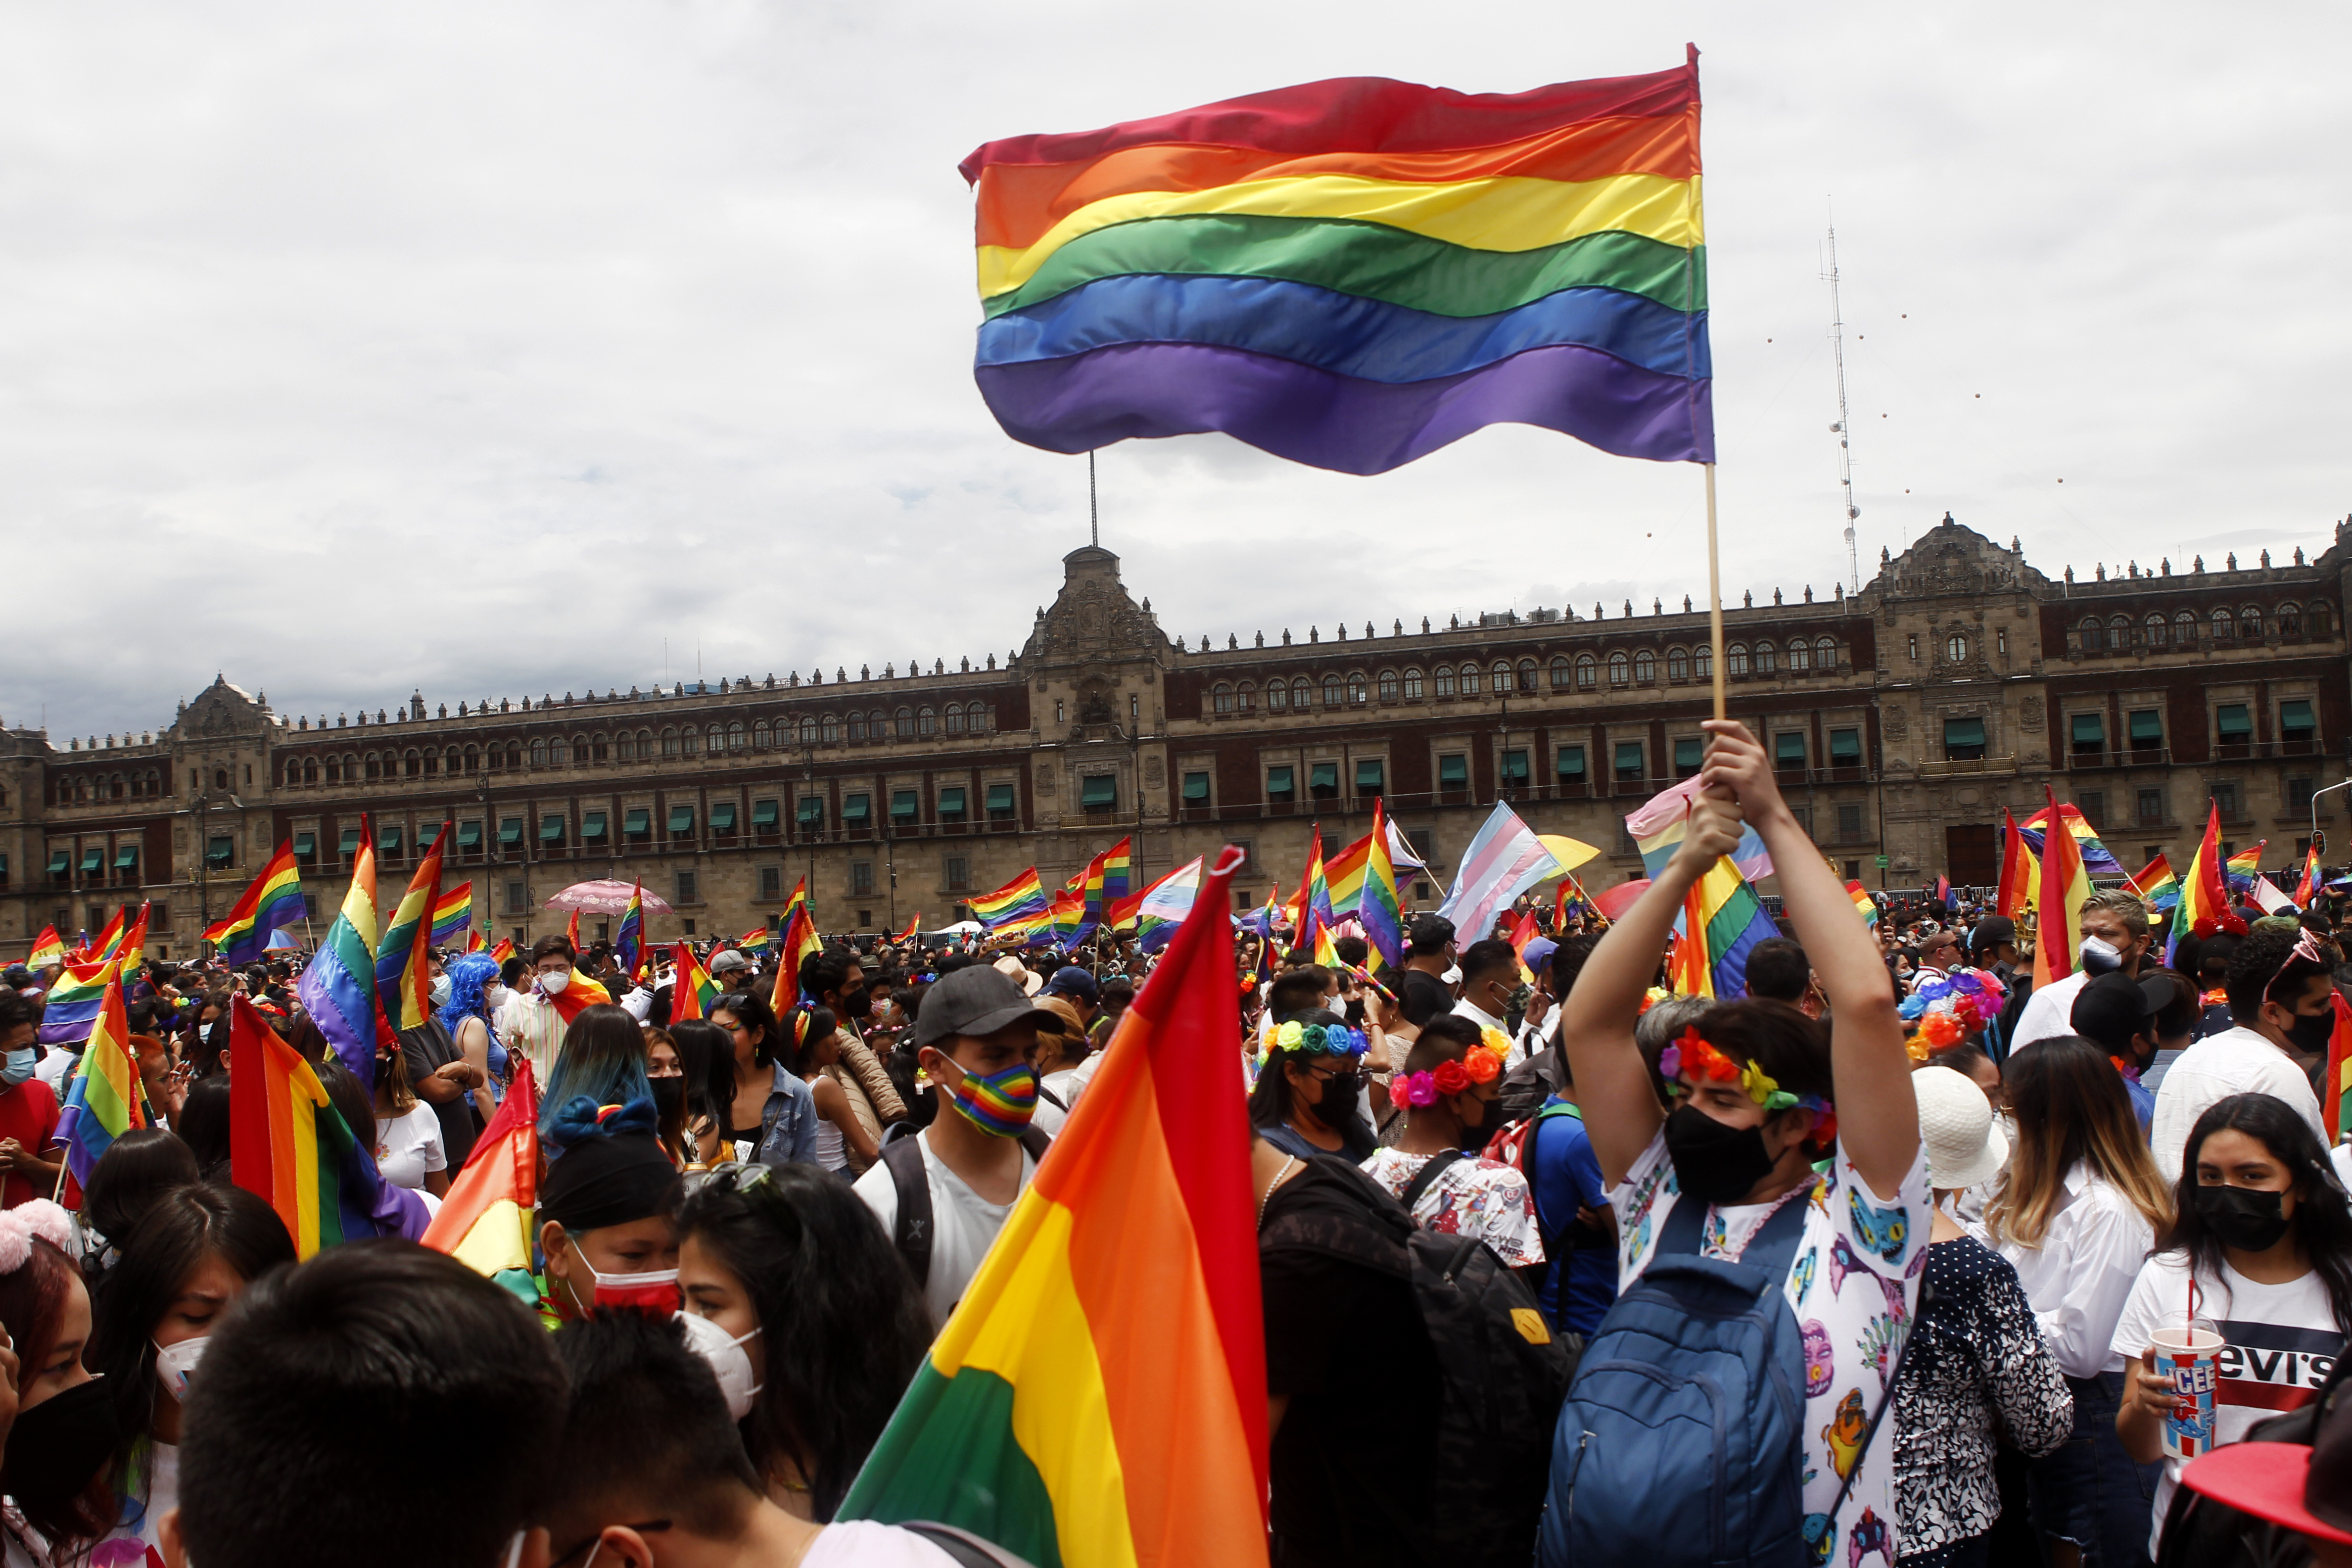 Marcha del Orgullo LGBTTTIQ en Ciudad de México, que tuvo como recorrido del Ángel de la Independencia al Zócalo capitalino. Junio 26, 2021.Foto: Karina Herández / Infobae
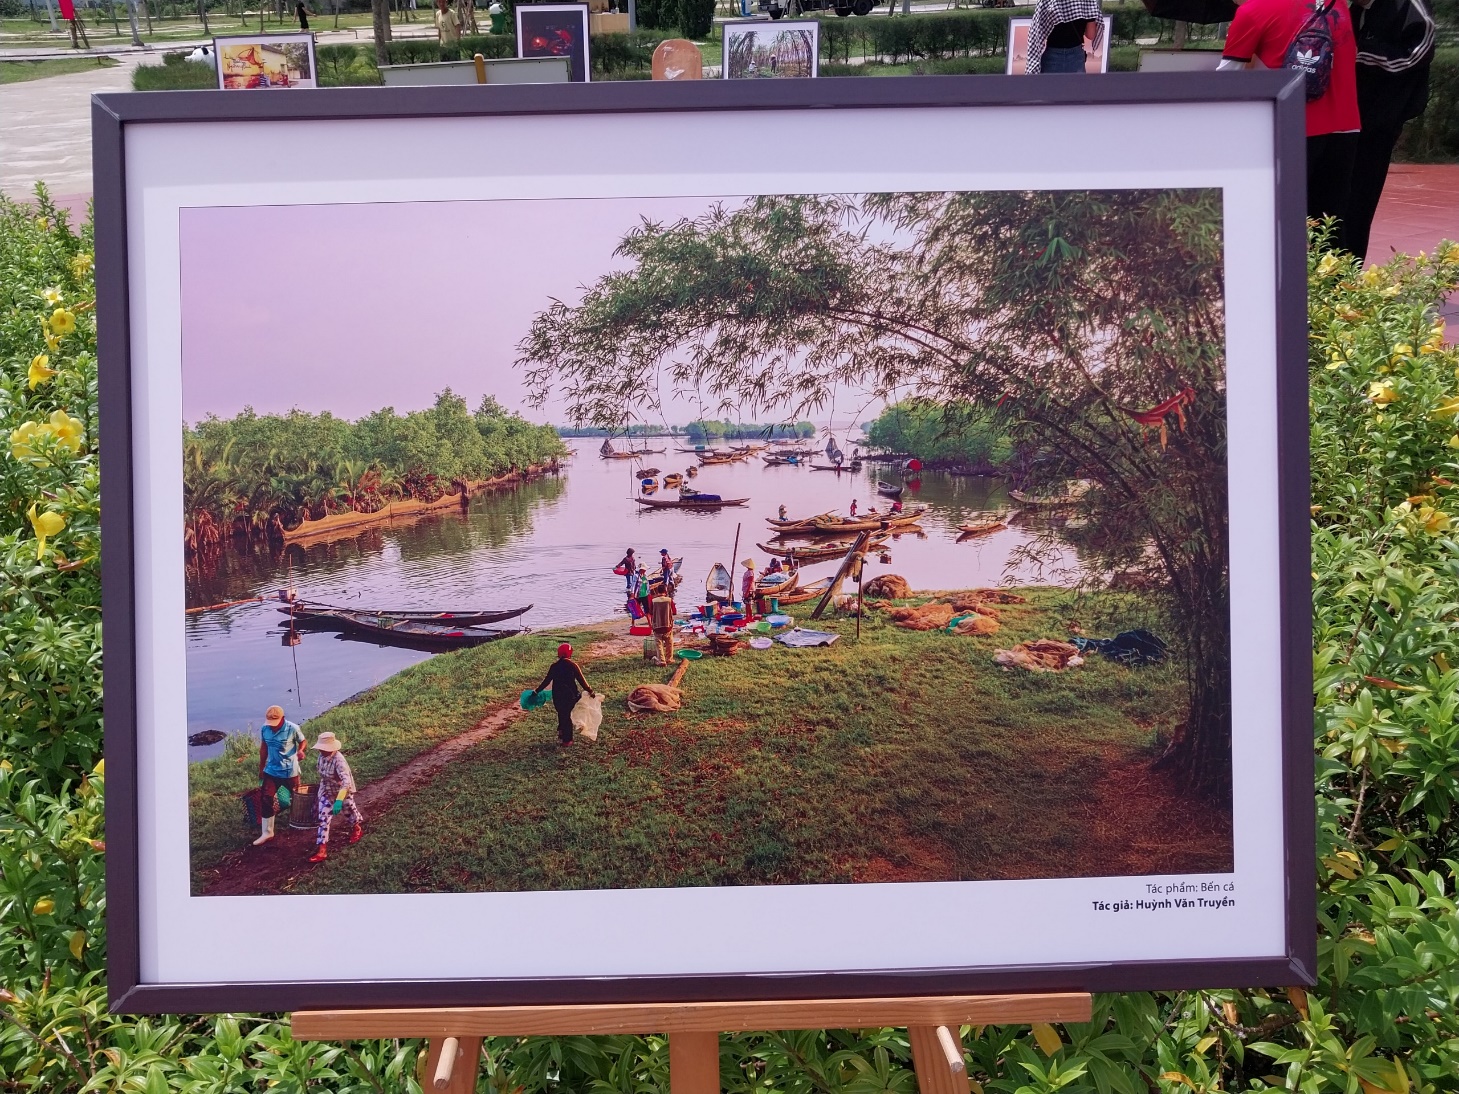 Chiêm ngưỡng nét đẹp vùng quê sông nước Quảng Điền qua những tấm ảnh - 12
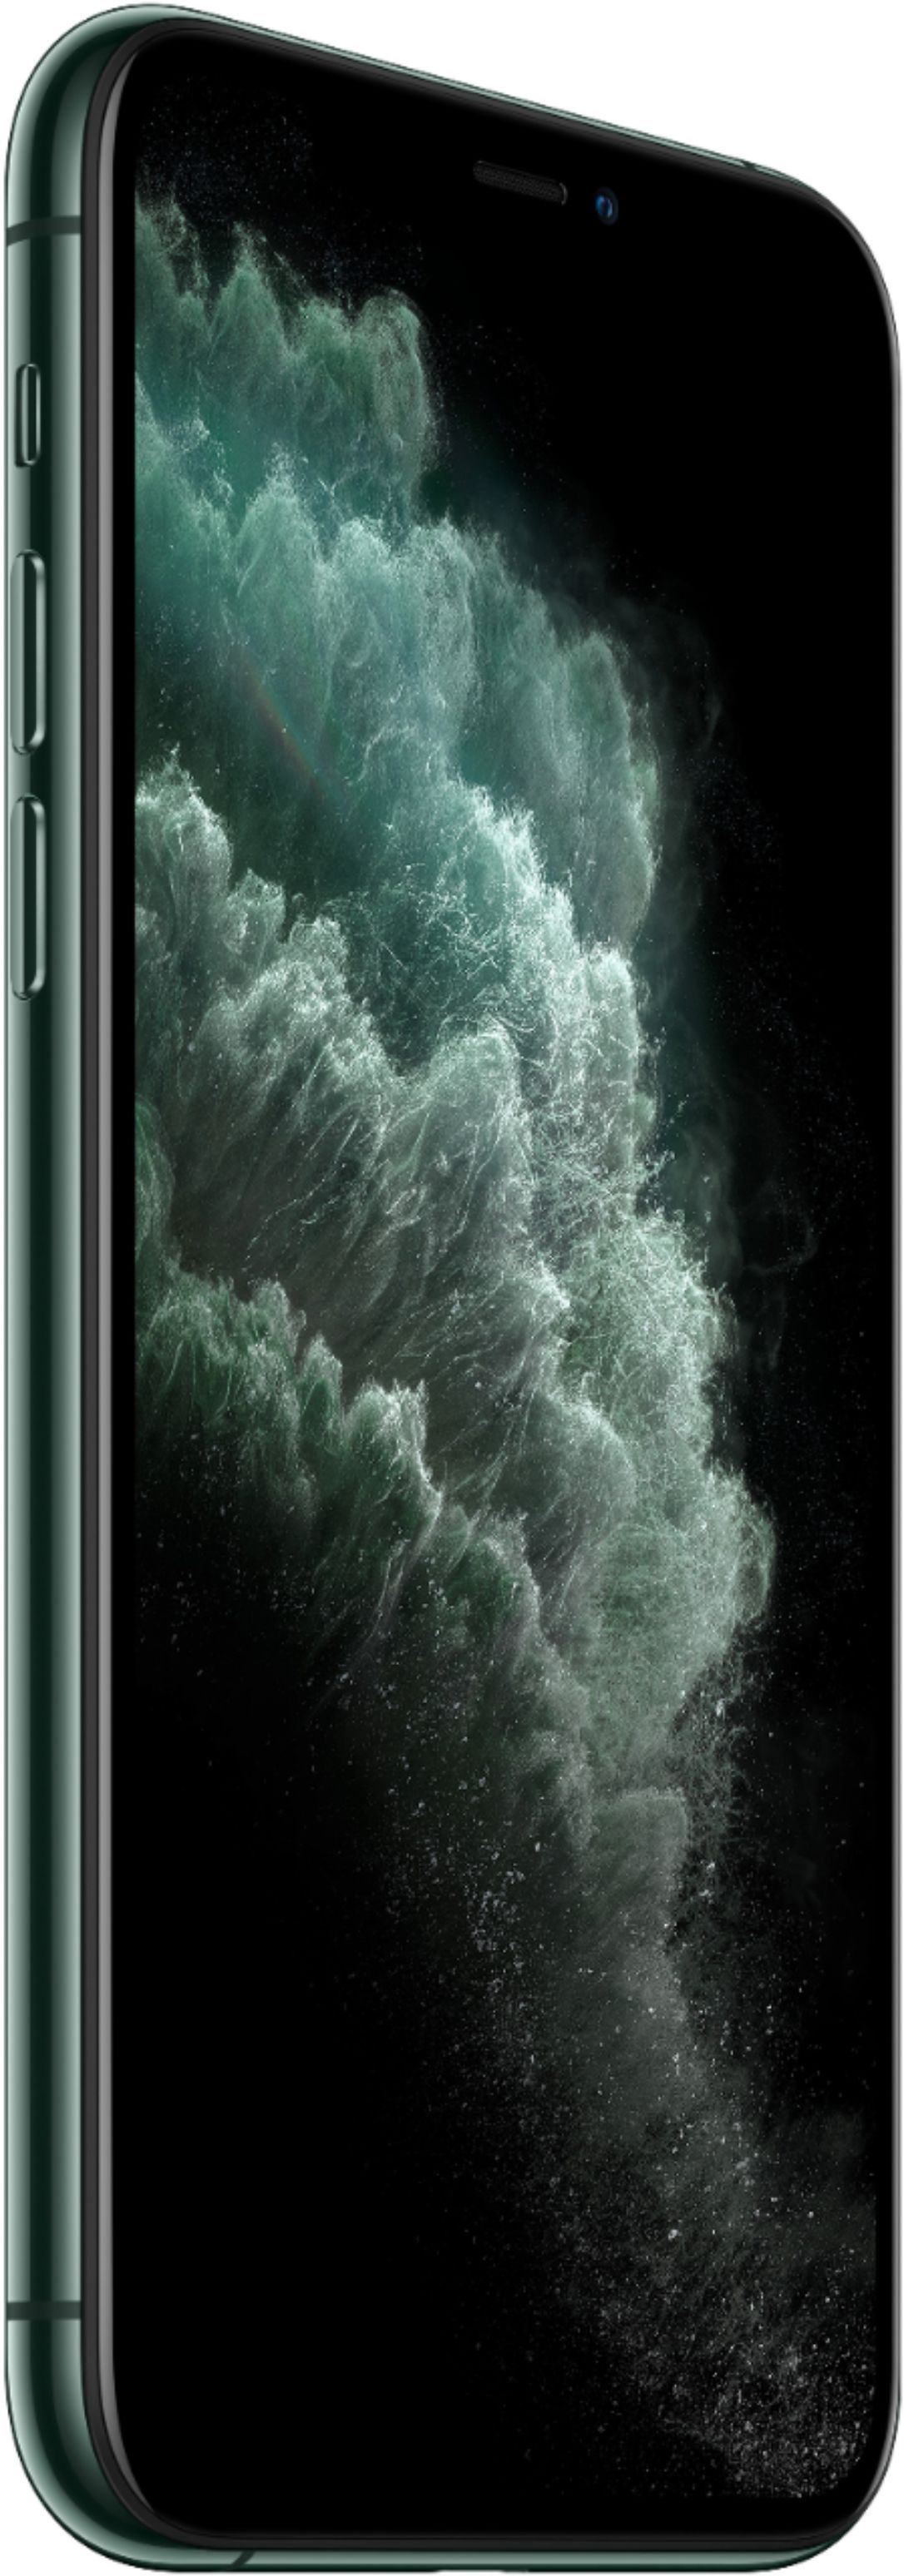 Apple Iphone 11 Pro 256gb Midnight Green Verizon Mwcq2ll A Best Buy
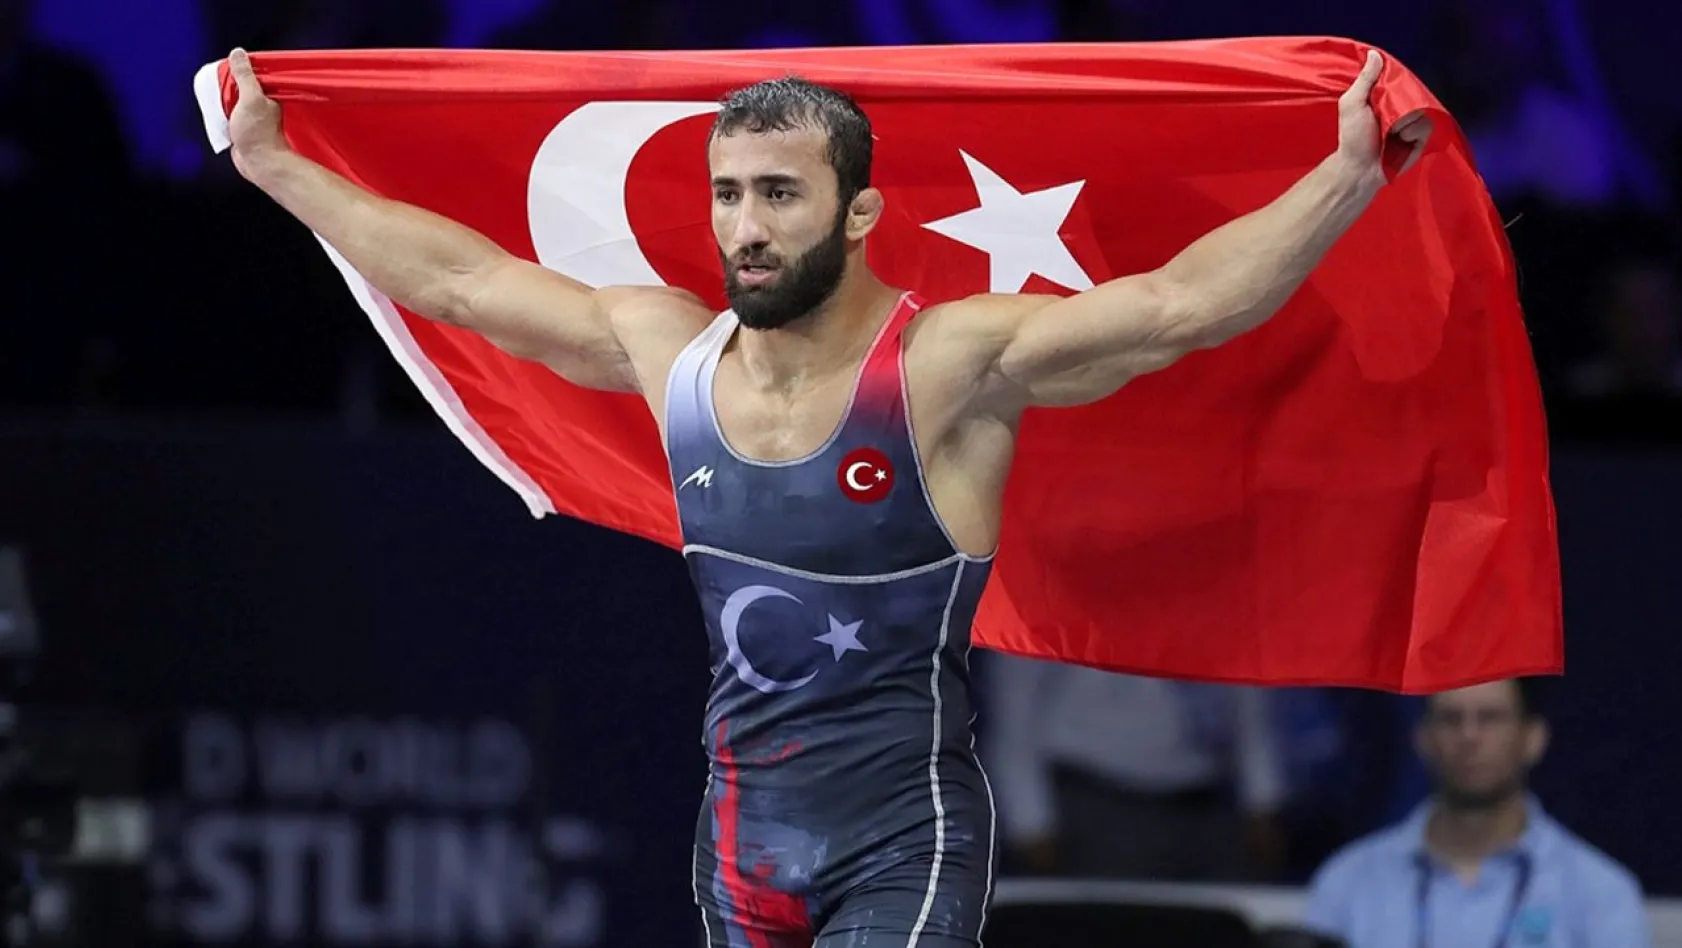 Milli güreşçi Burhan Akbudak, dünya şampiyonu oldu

● ● ● ● ● ● ●

With the pictures removed, return the full listing exactly as given.

 Marcha del Orgullo LGBTTTIQ en Ciudad de México, que tuvo como recorrido del Ángel de la Independencia al Zócalo capitalino. Junio 26, 2021.Foto: Karina Herández / Infobae
 Chiêm ngưỡng nét đẹp vùng quê sông nước Quảng Điền qua những tấm ảnh - 12
 Apple Iphone 11 Pro 256gb Midnight Green Verizon Mwcq2ll A Best Buy
 Milli güreşçi Burhan Akbudak, dünya şampiyonu oldu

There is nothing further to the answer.